─── Excerpted data

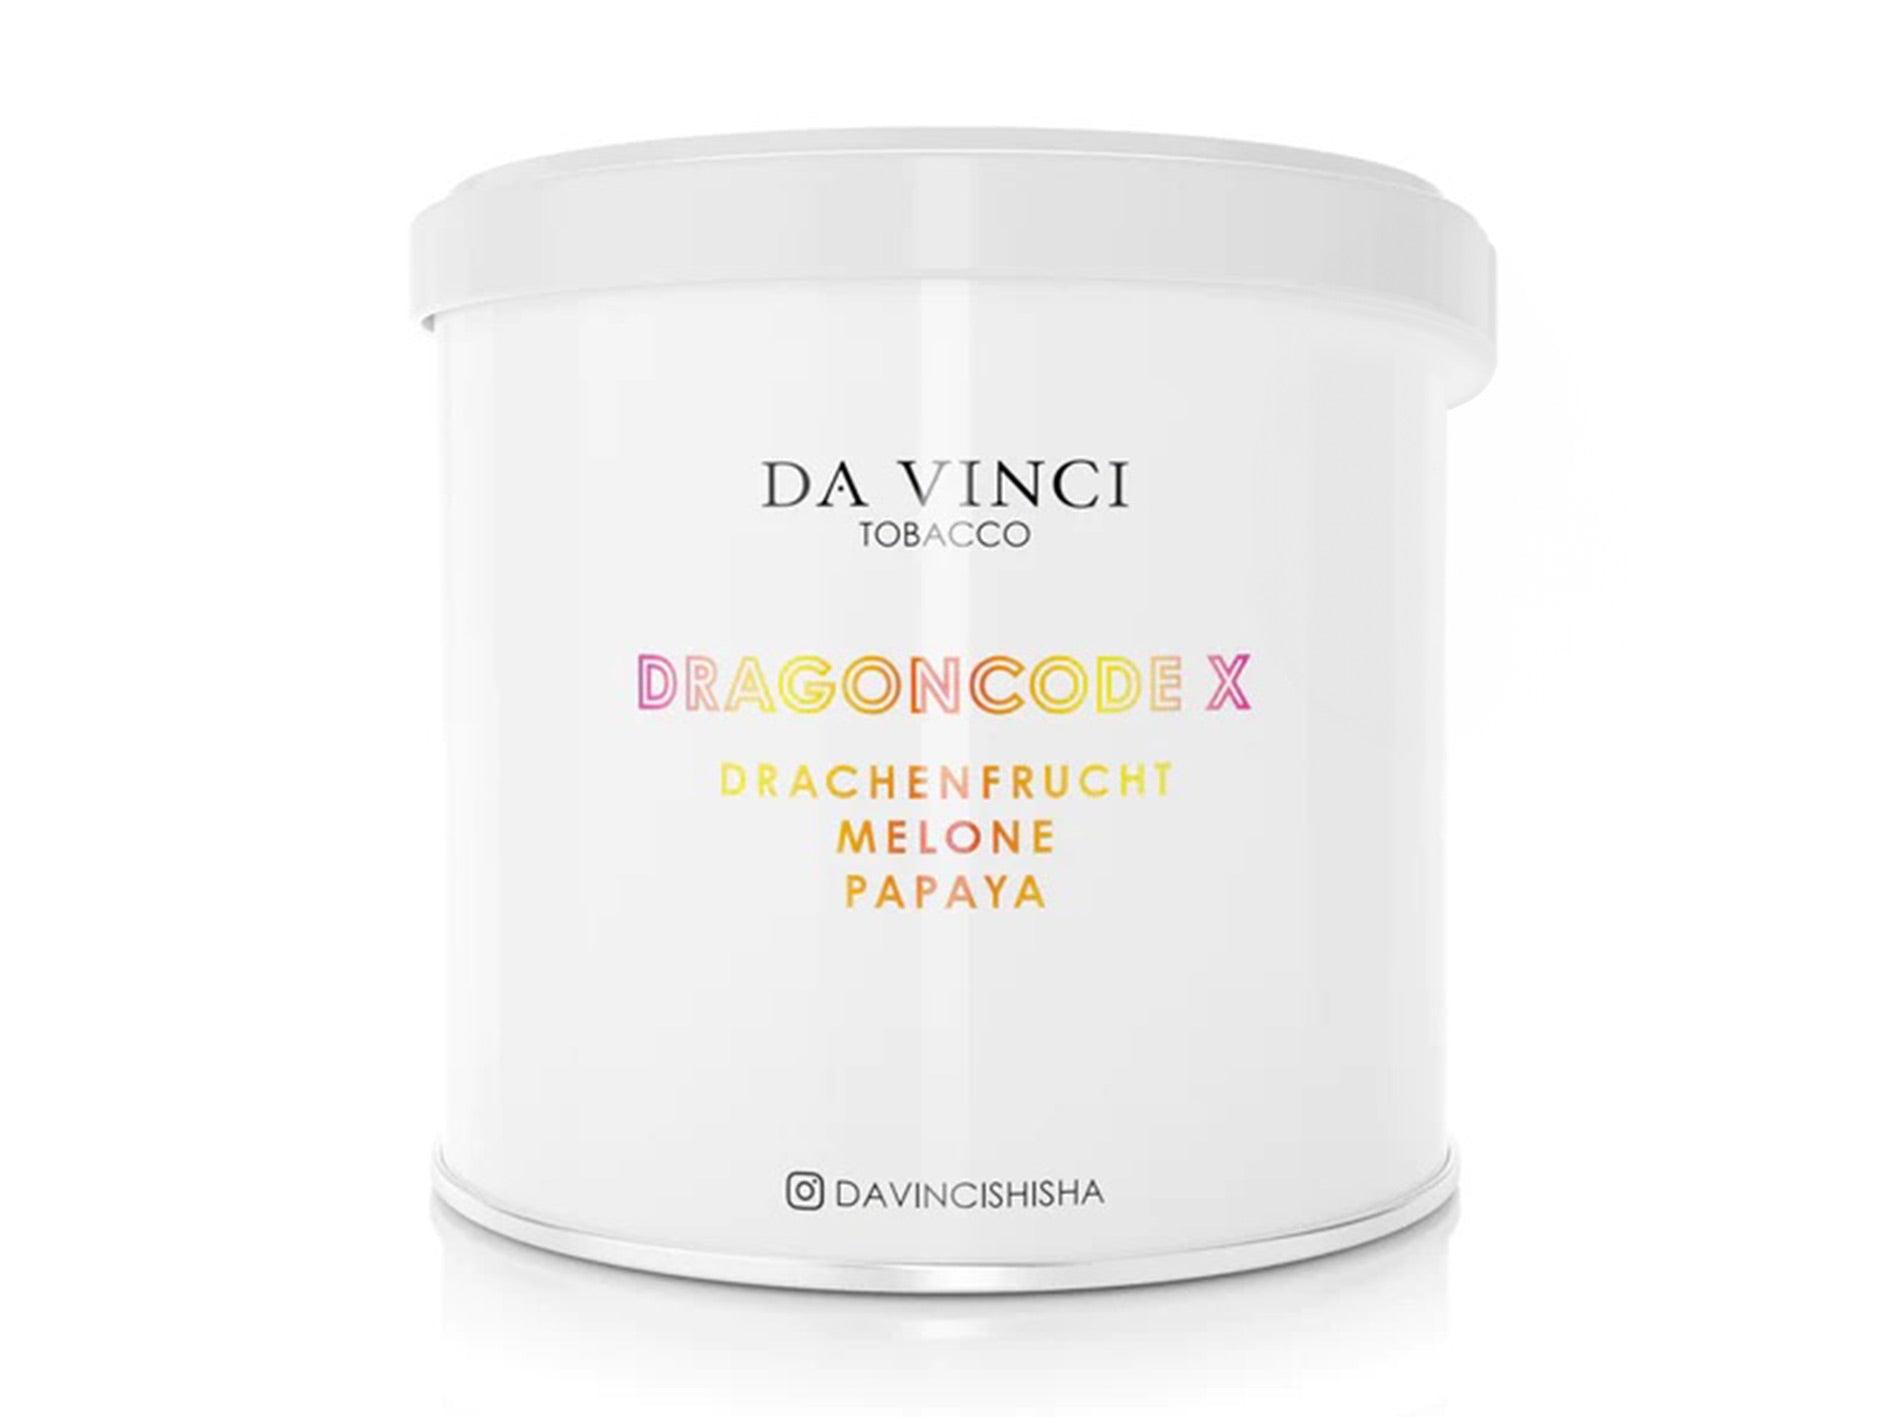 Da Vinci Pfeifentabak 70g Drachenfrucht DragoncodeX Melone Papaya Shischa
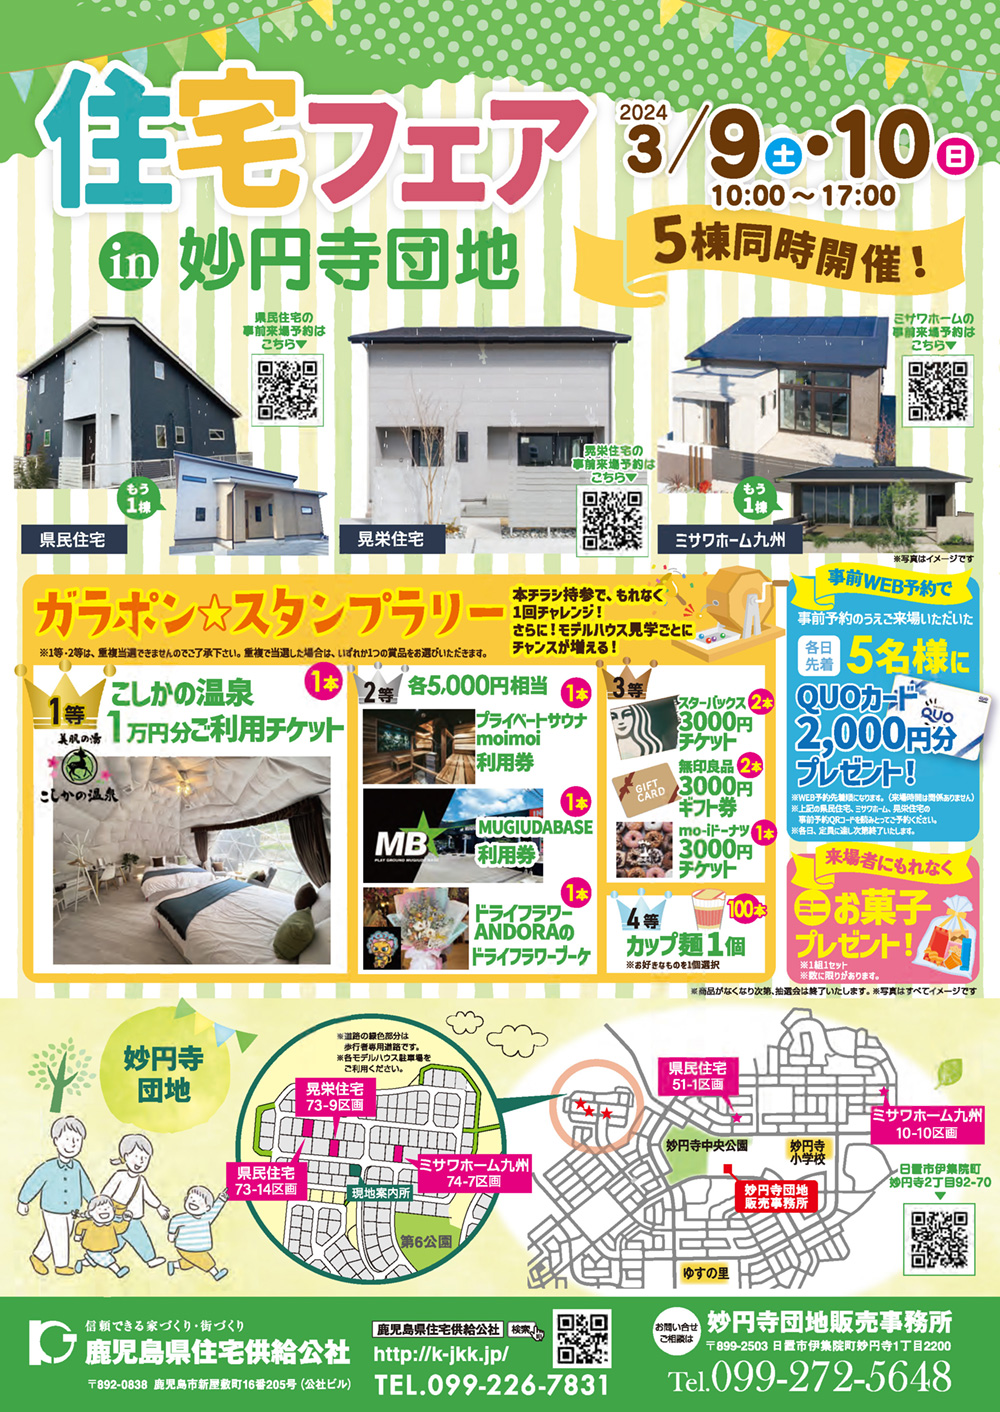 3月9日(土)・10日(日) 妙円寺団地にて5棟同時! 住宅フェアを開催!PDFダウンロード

──────
─── Excerpted data

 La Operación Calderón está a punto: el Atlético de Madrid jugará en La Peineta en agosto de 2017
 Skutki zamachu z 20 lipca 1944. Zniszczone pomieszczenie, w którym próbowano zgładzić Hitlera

──────

Problem ▸ Among the lines above, the one with "Da Vinci Pfeifentabak" opens the part to repeat and the one with "3月9日(土)・10日(日) 妙円寺団地にて5棟同時! 住宅フェアを開催!PDFダウンロード" closes it; repeat only that part exactly, with no pictures.

Reply ▸
 Da Vinci Pfeifentabak 70g Drachenfrucht DragoncodeX Melone Papaya Shischa
 3月9日(土)・10日(日) 妙円寺団地にて5棟同時! 住宅フェアを開催!PDFダウンロード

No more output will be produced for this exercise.